A VA study of 600,000 veterans found GLP-1 medications like Ozempic reduced overdose deaths by 50% and prevented new addictions across all substances. Researchers say the drugs may target craving itself—not just one substance at a time.

MTNYC Editorial TeamMarch 18, 20268 min read
Medically reviewed by MTNYC Medical Advisory Board, MD, FASAM, LCSWReviewed March 18, 2026
Abstract neural pathways with reward signals fading, representing GLP-1 drugs quieting addiction craving in the brain's mesolimbic system

A veteran who tried to quit smoking for over a decade did something unexpected after starting a diabetes medication. He didn't use a patch. He didn't set a quit date. He simply lost interest in cigarettes.

Another patient on the same type of drug for weight loss told her doctor that alcohol had lost its pull—after years of failed attempts to quit.

These aren't isolated anecdotes anymore. Federal researchers analyzing more than 600,000 veterans with type 2 diabetes found that GLP-1 medications—drugs like Ozempic, Wegovy, Mounjaro and Zepbound, originally developed for diabetes and obesity—are associated with dramatic reductions in addiction deaths, overdoses and hospitalizations across all major addictive substances.

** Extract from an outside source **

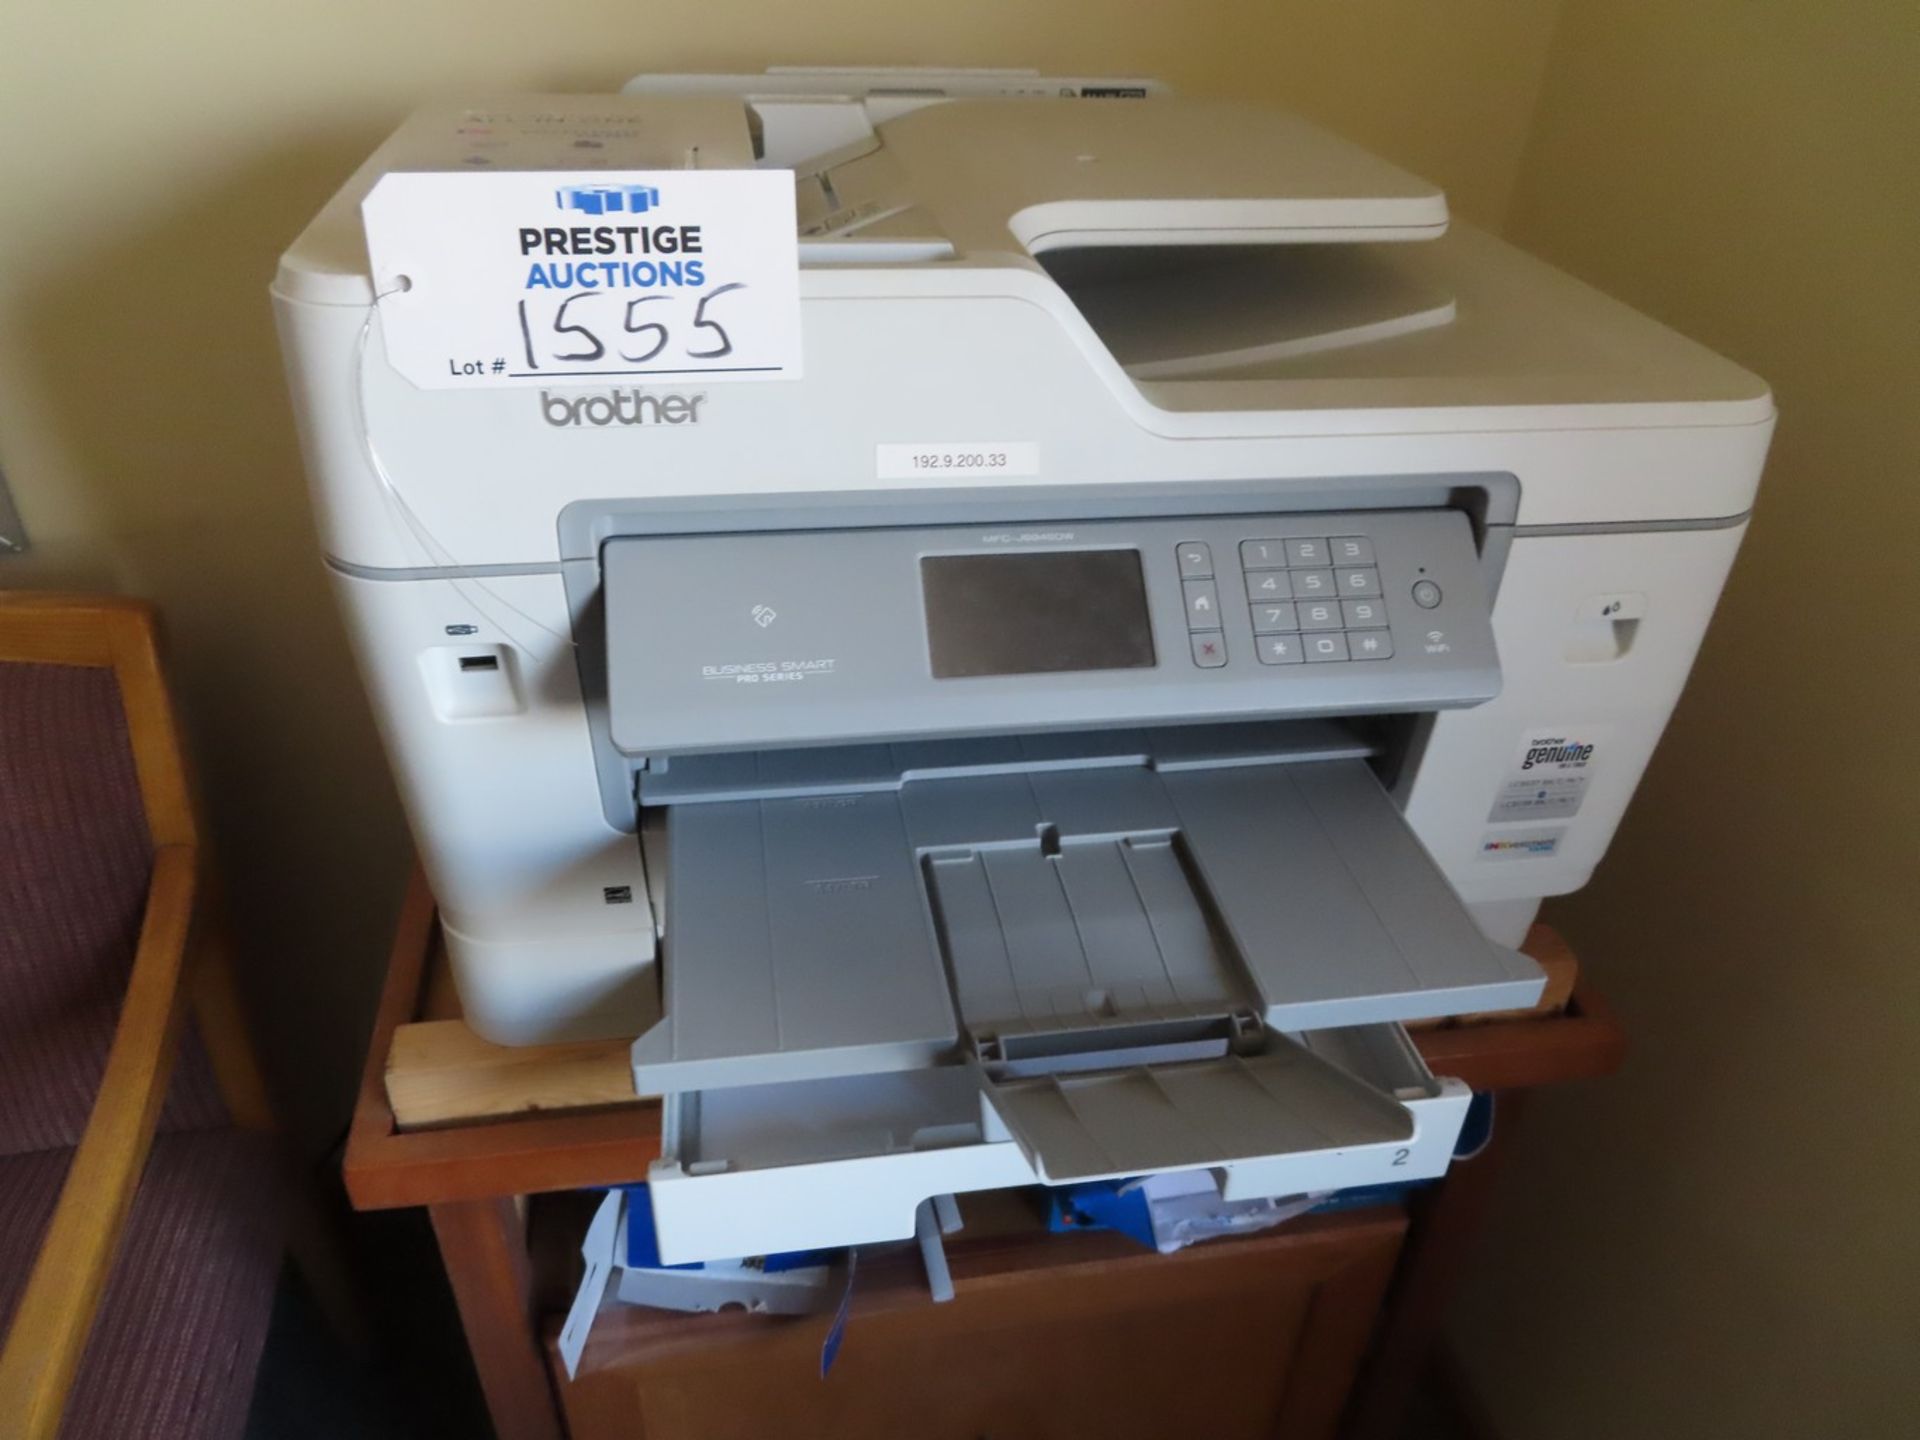 Brother Business Smart Pro MFC J69450W Copier / Printer / Fax

The study, published March 4 in The BMJ by researchers at Washington University School of Medicine in St. Louis and the VA Saint Louis Health Care System, is the largest to date on GLP-1 drugs and addiction. The findings suggest something unprecedented in addiction medicine: a single class of medications that may work against alcohol, opioids, nicotine, cocaine and cannabis simultaneously—not by targeting any specific substance, but by quieting the craving itself.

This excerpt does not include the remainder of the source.